Bobby Irvine

Personal information
- Full name: Robert William Irvine
- Date of birth: April 29, 1900
- Place of birth: Lisburn, Ireland
- Date of death: 1979
- Place of death: Leicester, England
- Position(s): Centre forward / Inside forward

Senior career*
- Years: Team / Apps / (Gls)
- 1921–1928: Everton / 199 / (54)
- 1928–1929: Portsmouth
- 1929–1930: Connah's Quay
- 1930–1933: Derry City
- 1931: Chester / 13 / (9)
- 1933–1935: Watford F.C.

International career
- 1922–1932: Ireland / 15 / (3)

= Bobby Irvine (footballer, born 1900) =

Irish footballer

Robert William Irvine (29 April 1900 – 1979) was an Irish footballer. He played as a centre or inside forward.

==Career==
With Connah's Quay suffering severe financial difficulties, Irvine returned to Northern Ireland, signing for Derry City.

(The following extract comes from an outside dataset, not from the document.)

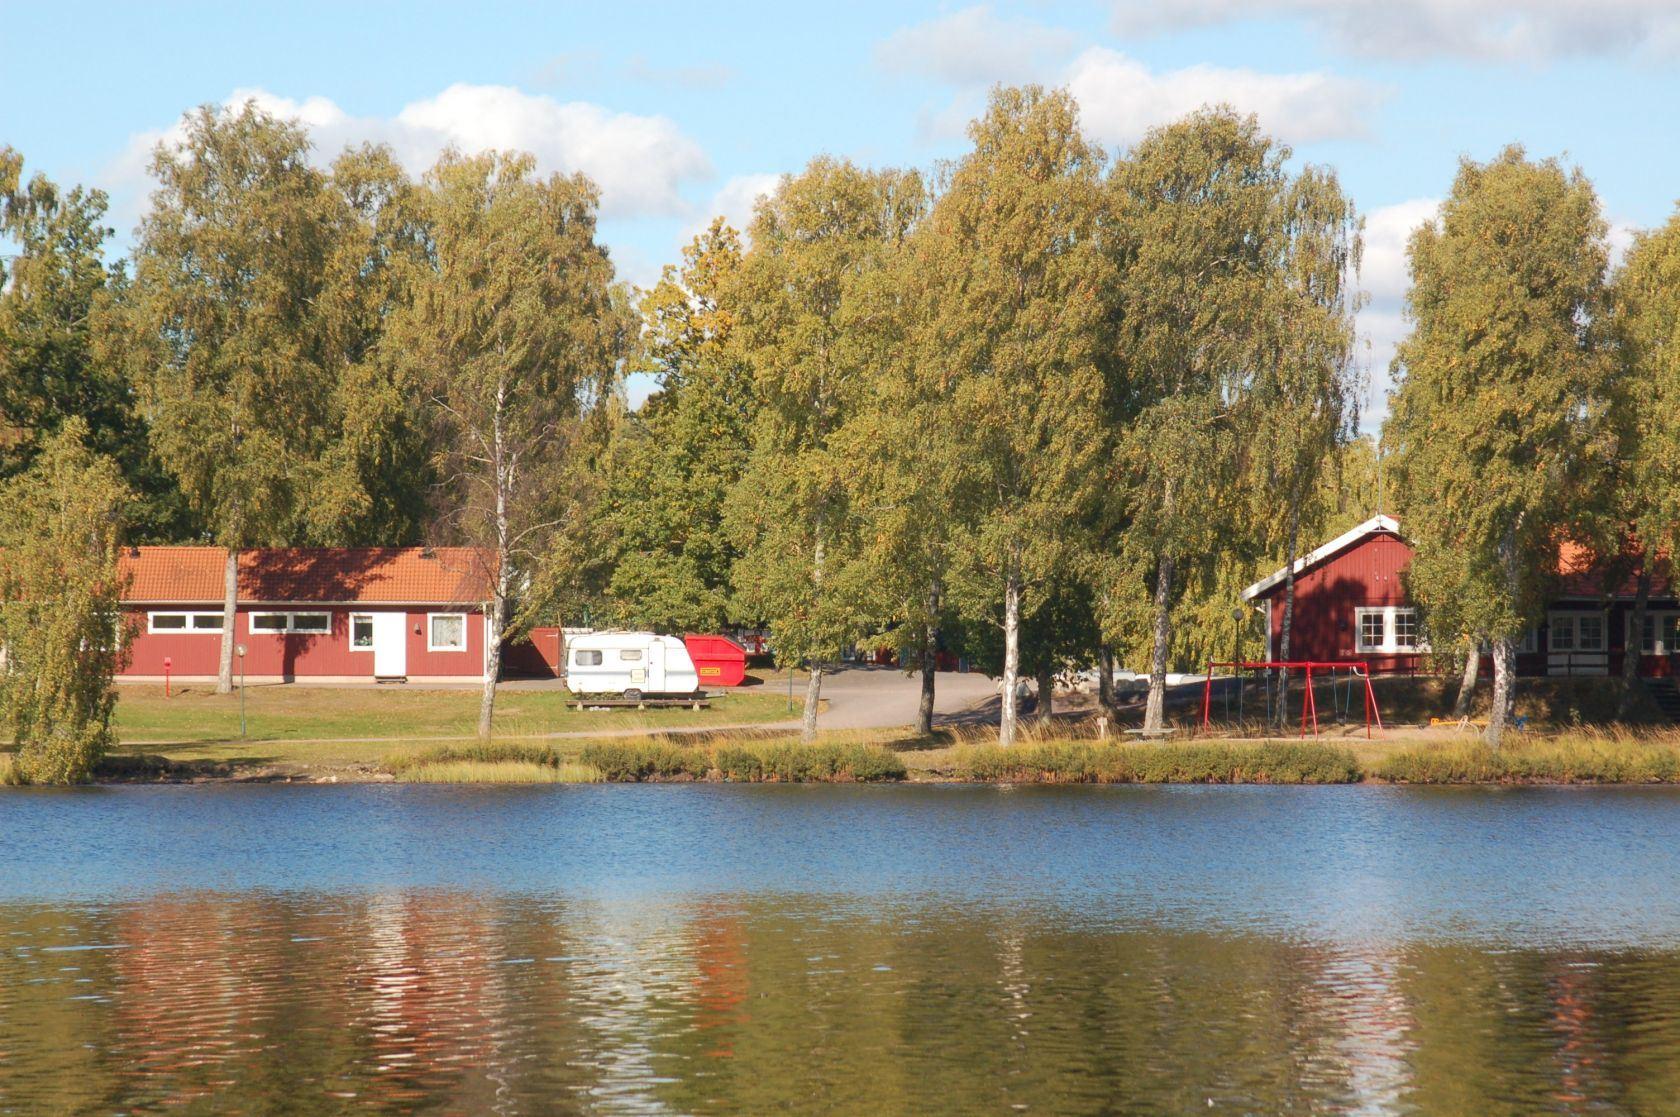 Sjötorpets Camping, Restaurang and Café/Cottages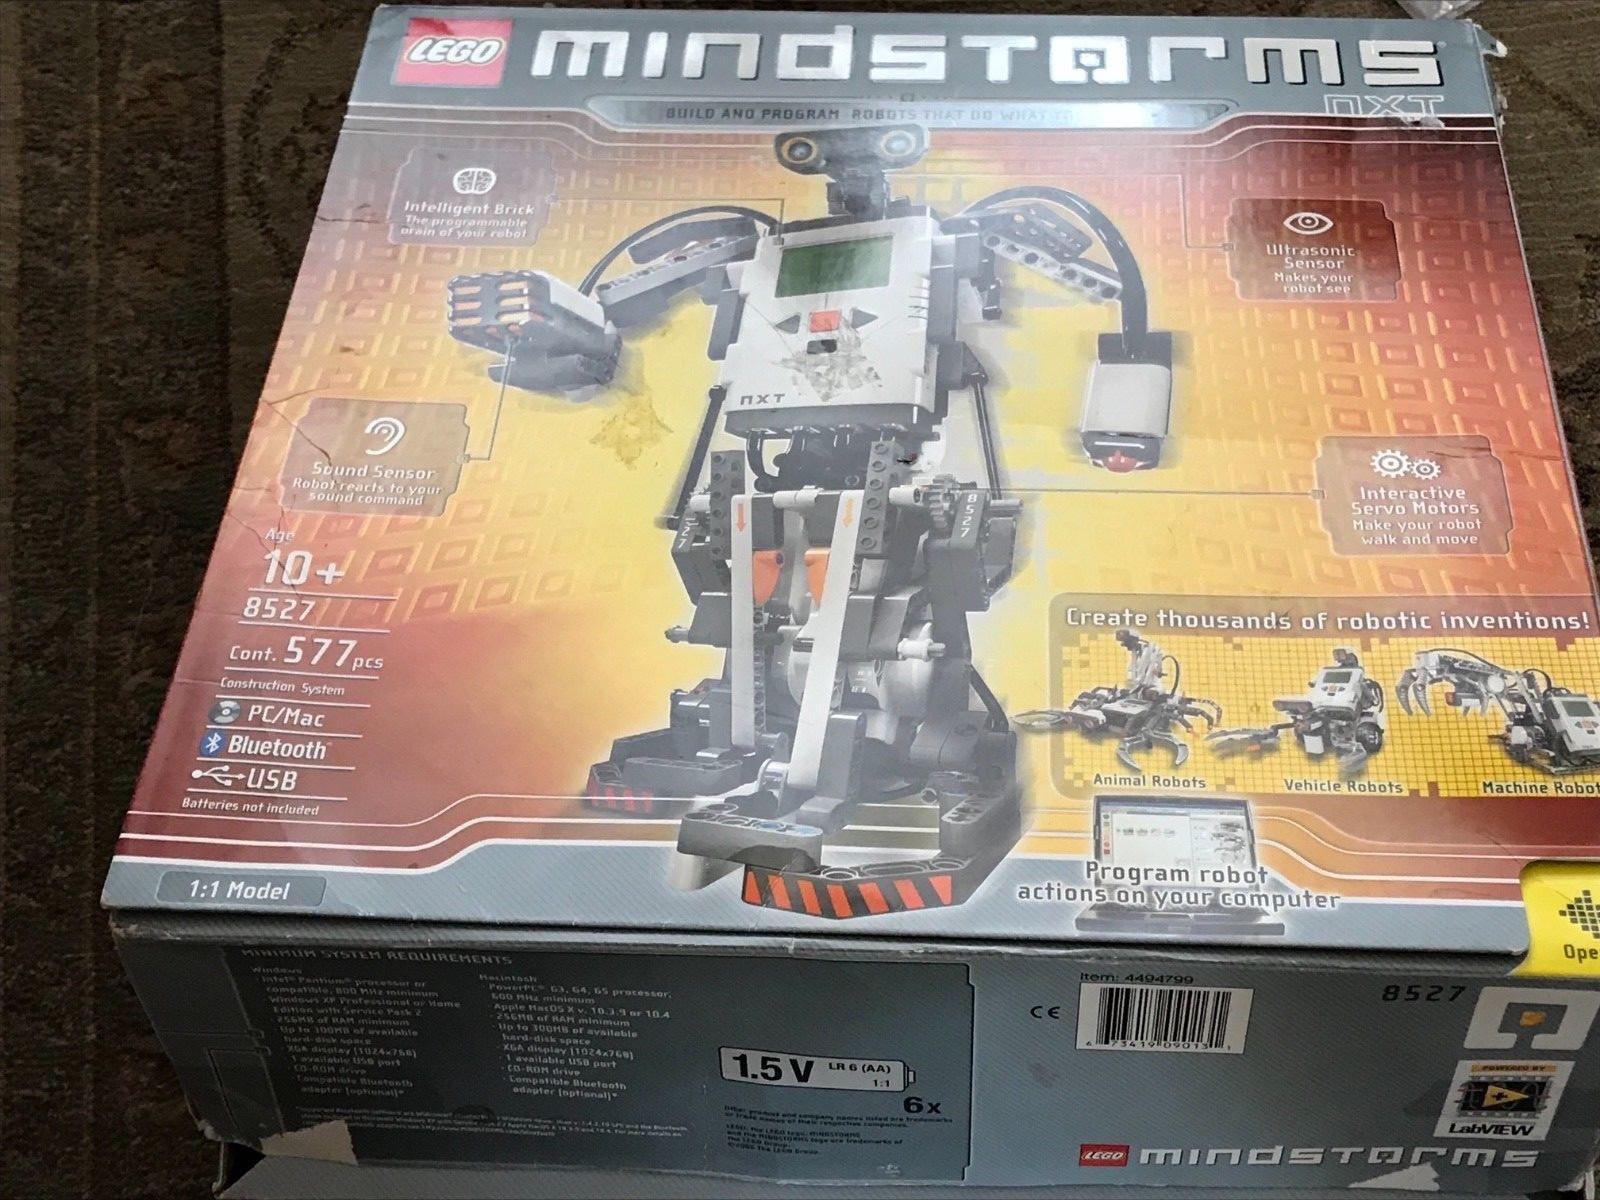 Lego  Mindstorms NXT (8527) Robotics complet  magasin en ligne de sortie

He marked his Brandywell debut with a goal in a 1-0 Gold Cup quarter-final win over Larne on 3 September 1930. With Derry, Irvine took his caps total to 15, and in October 1932 also played twice for the Irish League, in 5-2 and 4–1 defeats by the English and Scottish Leagues respectively. During this period Irvine also briefly turned out for Chester, scoring nine times in 13 games in the Cheshire County League shortly before they were elected to The Football League in 1931.